Instructions for the task:
All that is needed is an exact repetition of the lines from the one containing "Darktrace Logo groß" through the final line of the material, without pictures.

Collected data:
--------------------------------

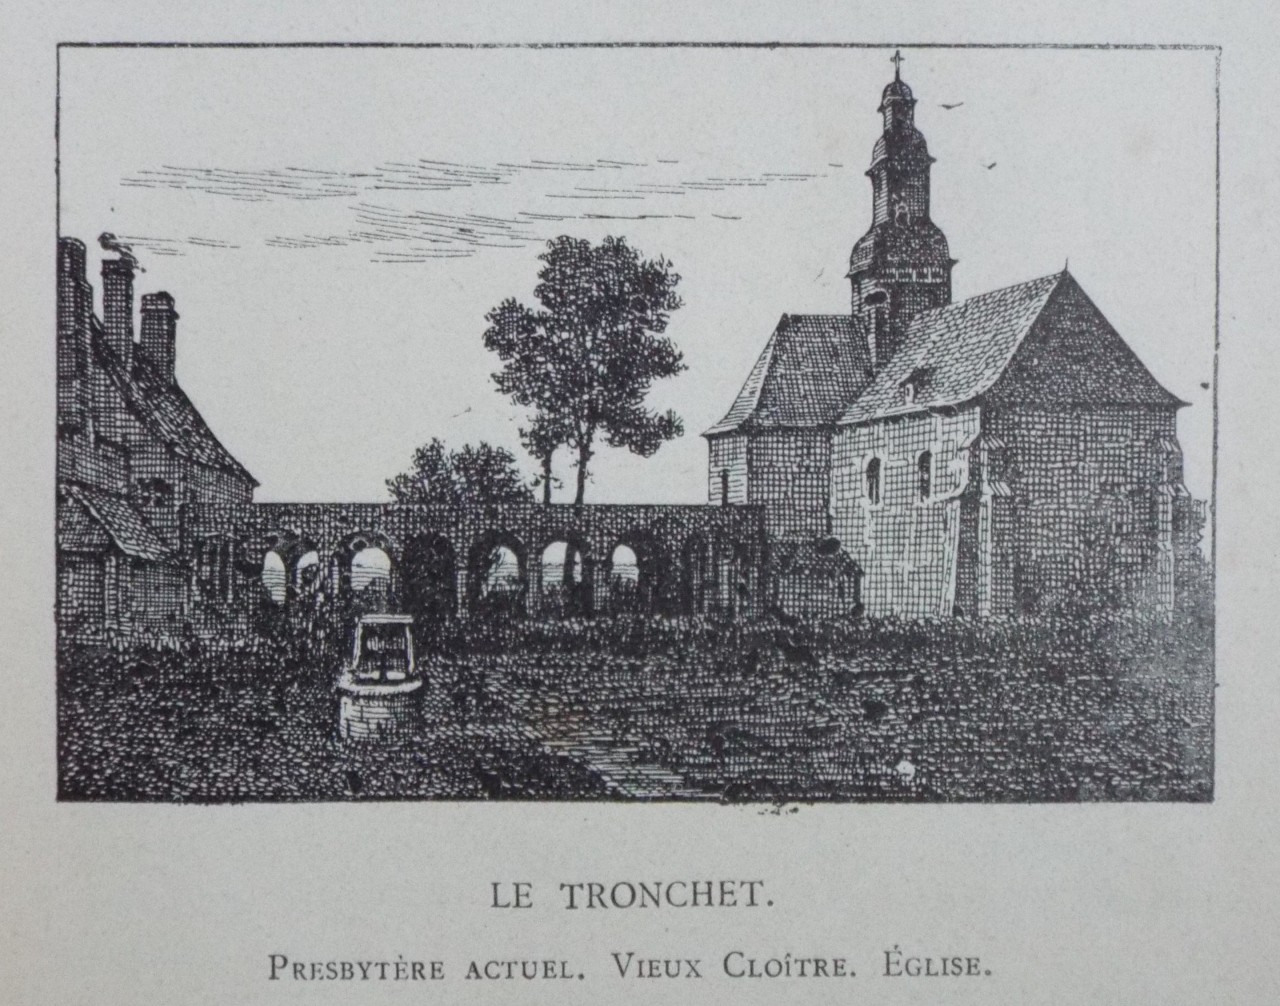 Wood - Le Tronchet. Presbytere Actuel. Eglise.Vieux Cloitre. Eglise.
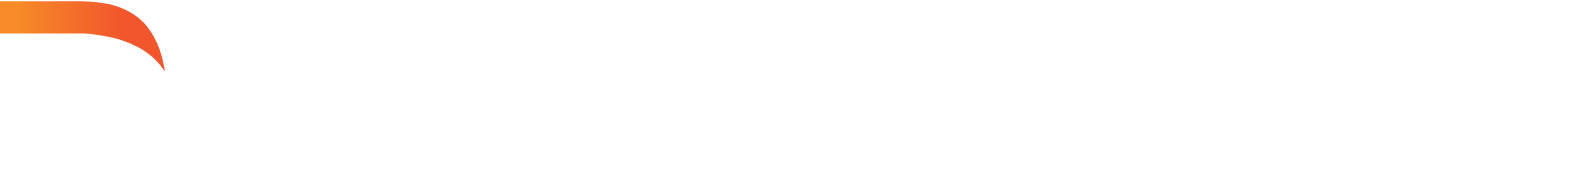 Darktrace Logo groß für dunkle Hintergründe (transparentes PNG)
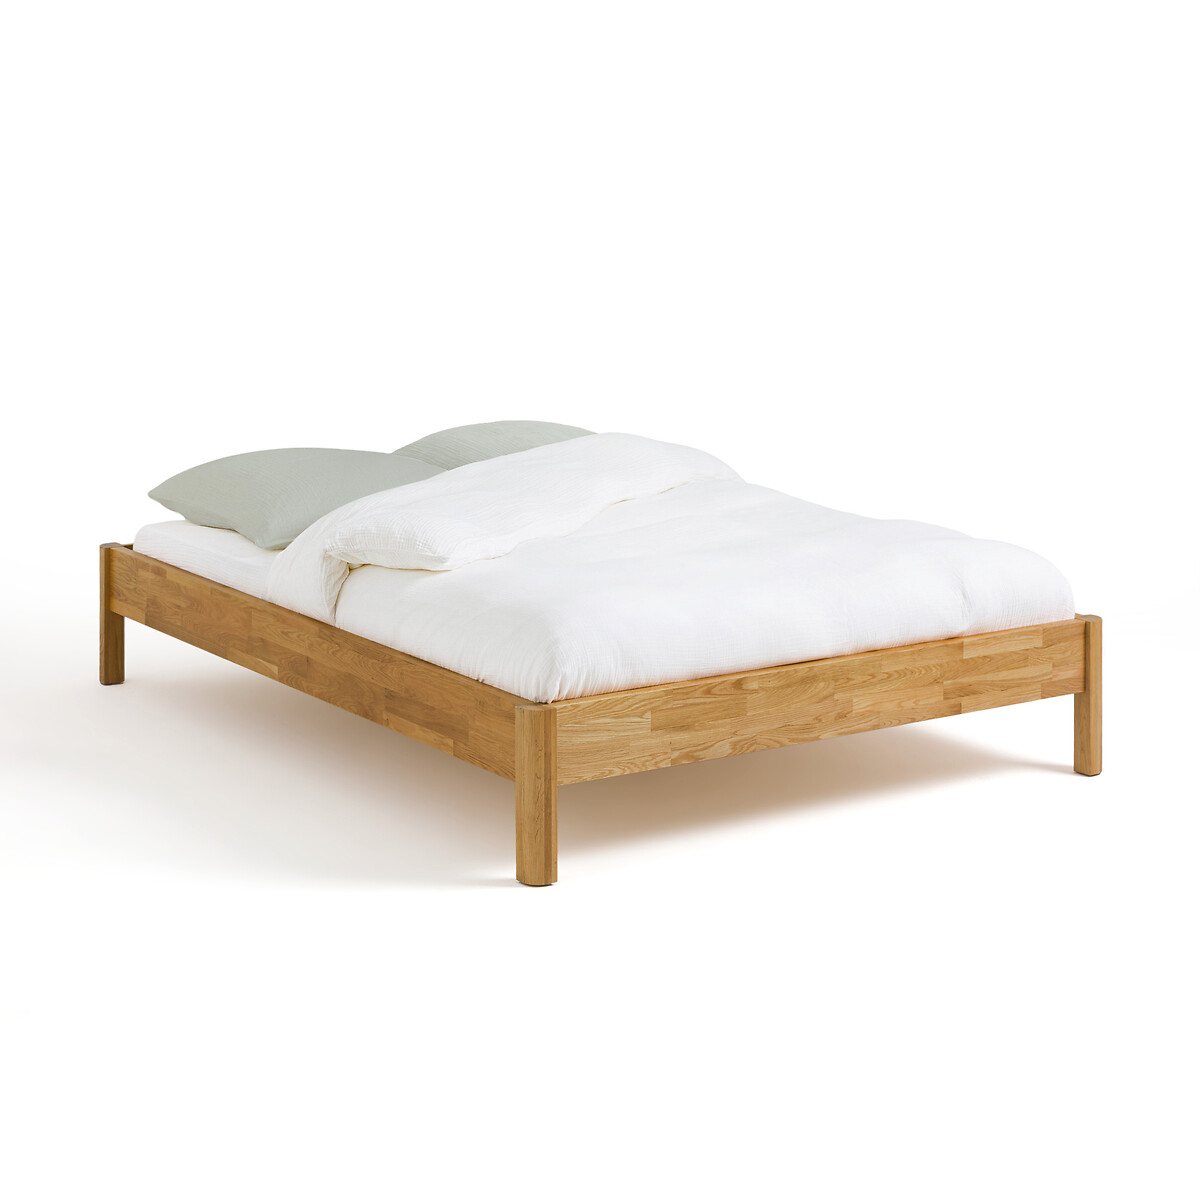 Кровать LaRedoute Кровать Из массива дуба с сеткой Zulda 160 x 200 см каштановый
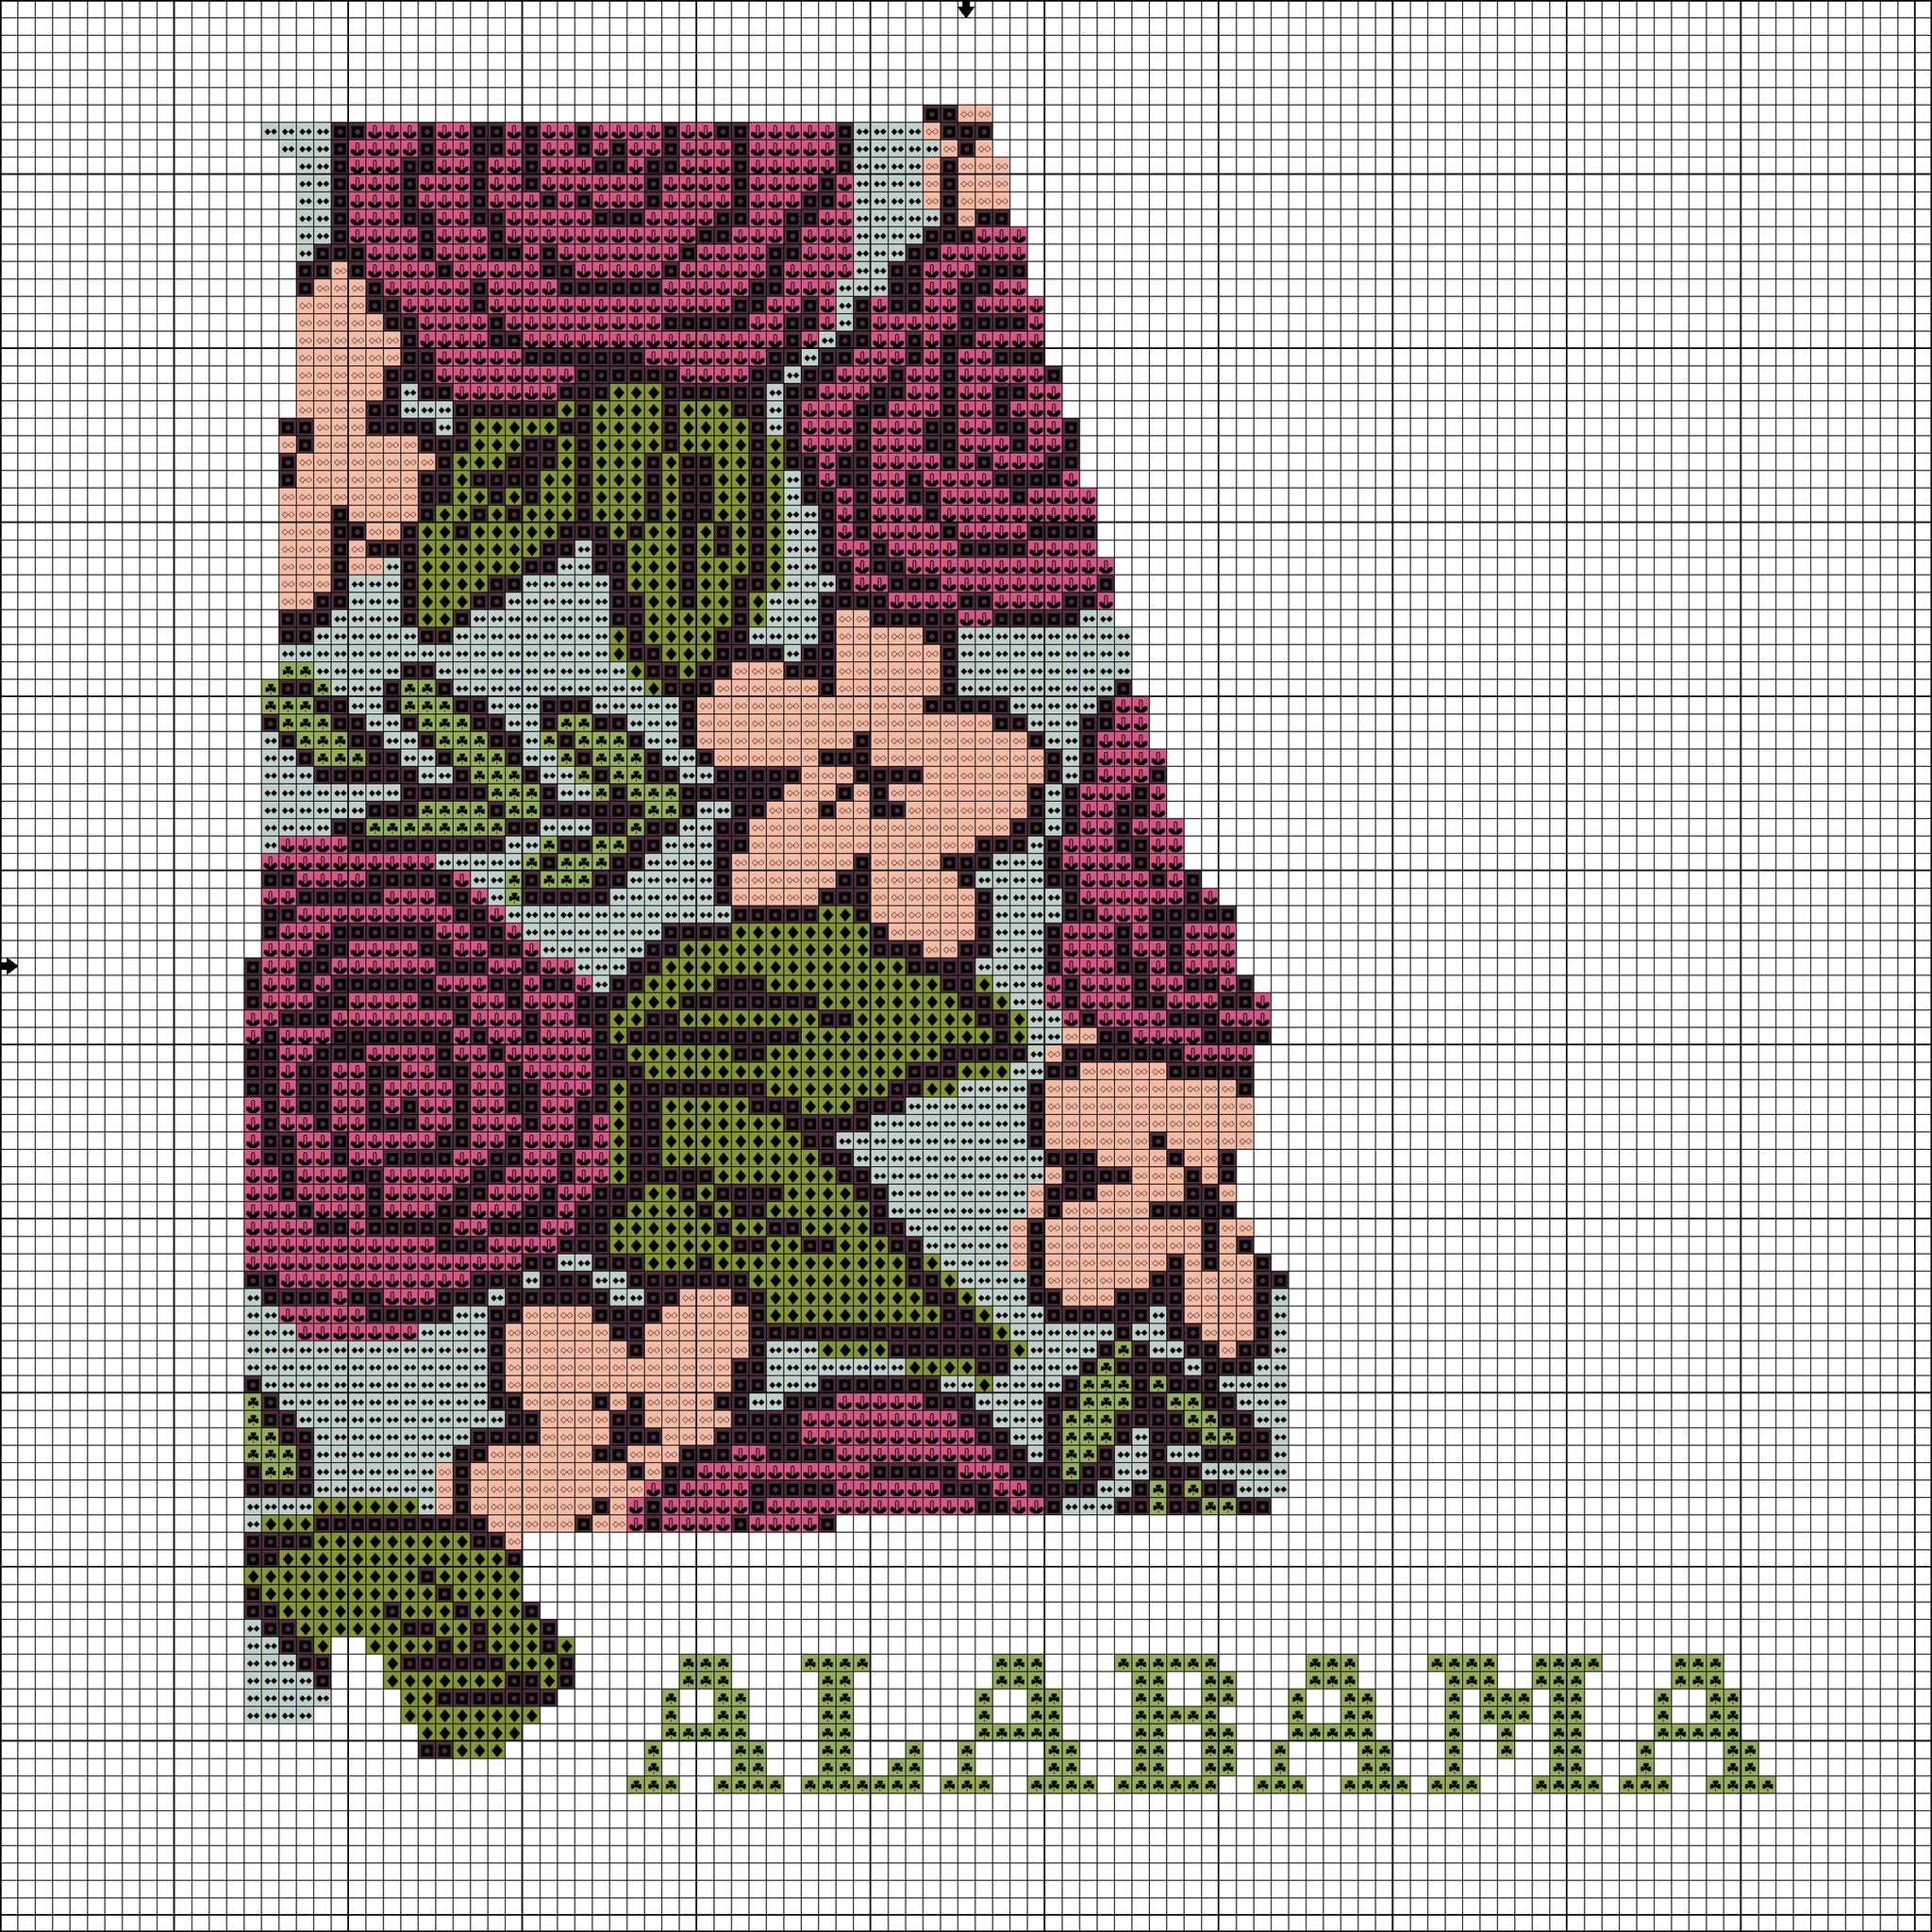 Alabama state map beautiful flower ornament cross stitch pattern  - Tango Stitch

--------------------------------

Task output:
 Darktrace Logo groß für dunkle Hintergründe (transparentes PNG)
 Кровать LaRedoute Кровать Из массива дуба с сеткой Zulda 160 x 200 см каштановый
 Alabama state map beautiful flower ornament cross stitch pattern  - Tango Stitch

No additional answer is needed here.